The book starts with a history of the financial crises of the 1990s and 2000s – and you only have to see that history (the Asian crisis, LTCM, the dot com bubble) to be puzzled anew by the widespread belief in permanent stability by the mid-2000s. The second part looks at the various sources of financial fragility: asymmetric information, risk-shifting and risk-taking, excessive optimism, and co-ordination failures. This section presents a model of the optimal amount of insurance against risk-taking financial institutions, taking account of the moral hazard and adverse selection problems. The third section turns to currency and balance of payments crises, and the Eurozone’s unpalatable choices. It is a relatively short book covering in a very elegant way a lot of theoretical and historical territory.
The book concludes that some vital questions remain unanswered by the latest dynamic general equilbrium models it presents – including the most bitterly-disputed policy questions: when should fiscal austerity be implemented to reduce debt levels and unfunded demographic liabilities; when should monetary policy start to be tightened; when does the need to stabilise the financial system outweigh the risks of moral hazard.; and how should monetary policy take account of asset price bubbles during the zero/low interest rate period? These seem pretty fundamental, which I suppose will keep macroeconomists busy for some time.

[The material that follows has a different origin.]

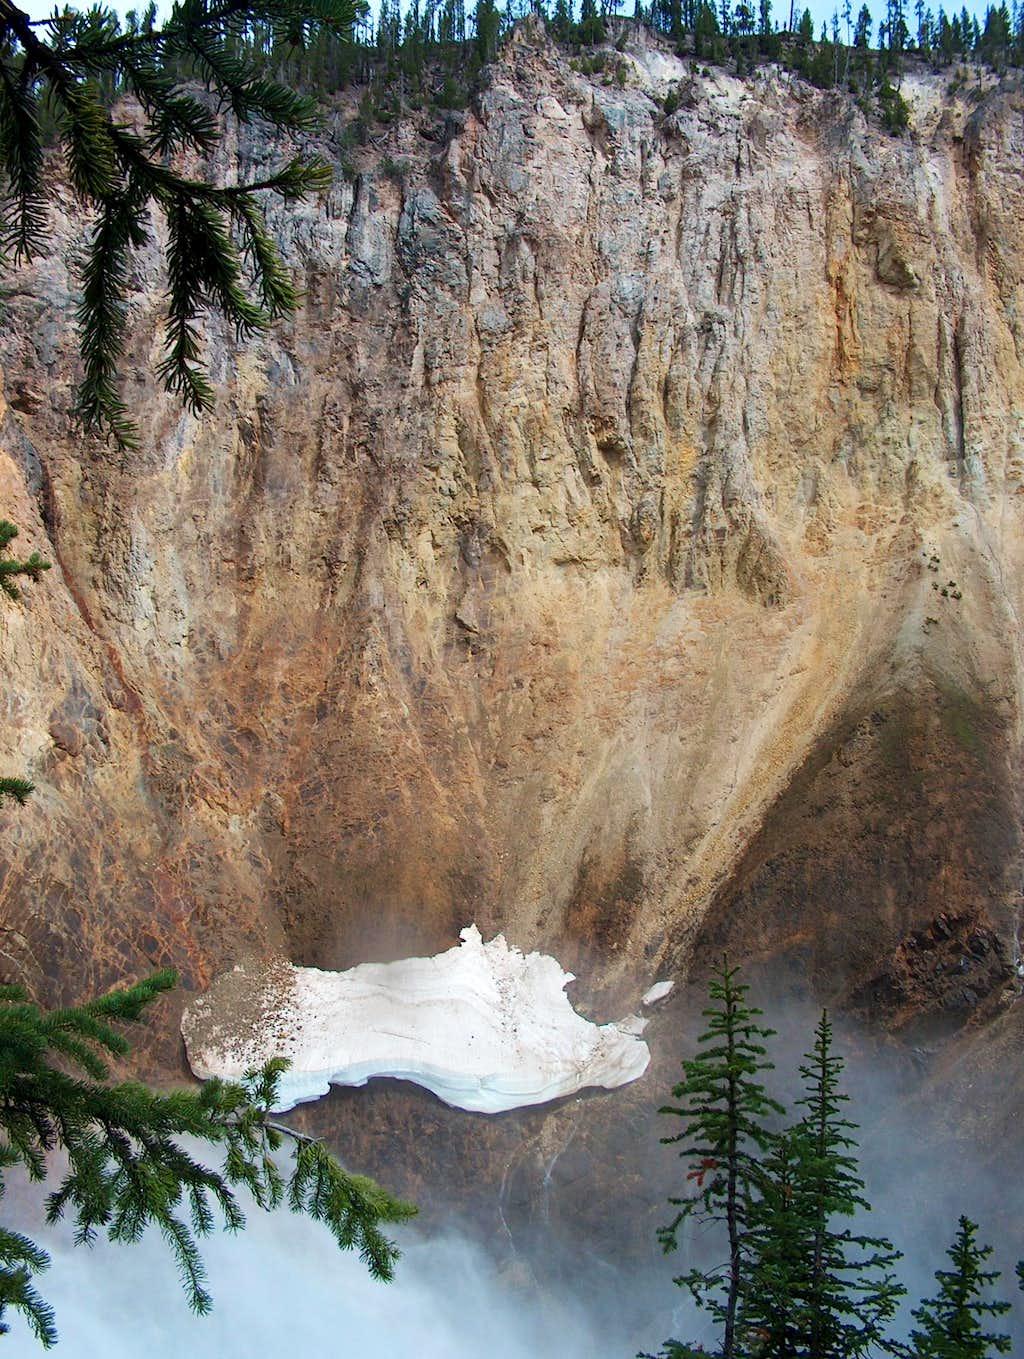 Snow Ledge above Yellowstone Falls

The book is based on courses Prof Azin has taught since the crisis, and is geared towards a graduate student audience, so it is not one for the general reader interested in the sorry state of the global economy and financial markets, post-2008. It looks like a must-read for relevant courses, however. To me – with a foot in the academic camp but not remotely expert in global macro or finance – it also looks like it’s retrofitting economic theory to events. It is good to have it demonstrated so clearly, as many macroeconomists have assured me, that macro models can accommodate the kinds of event we have experienced in life. But it leaves unanswered the original puzzle – why did so many macroeconomists wear the real business cycle blinkers in the first place?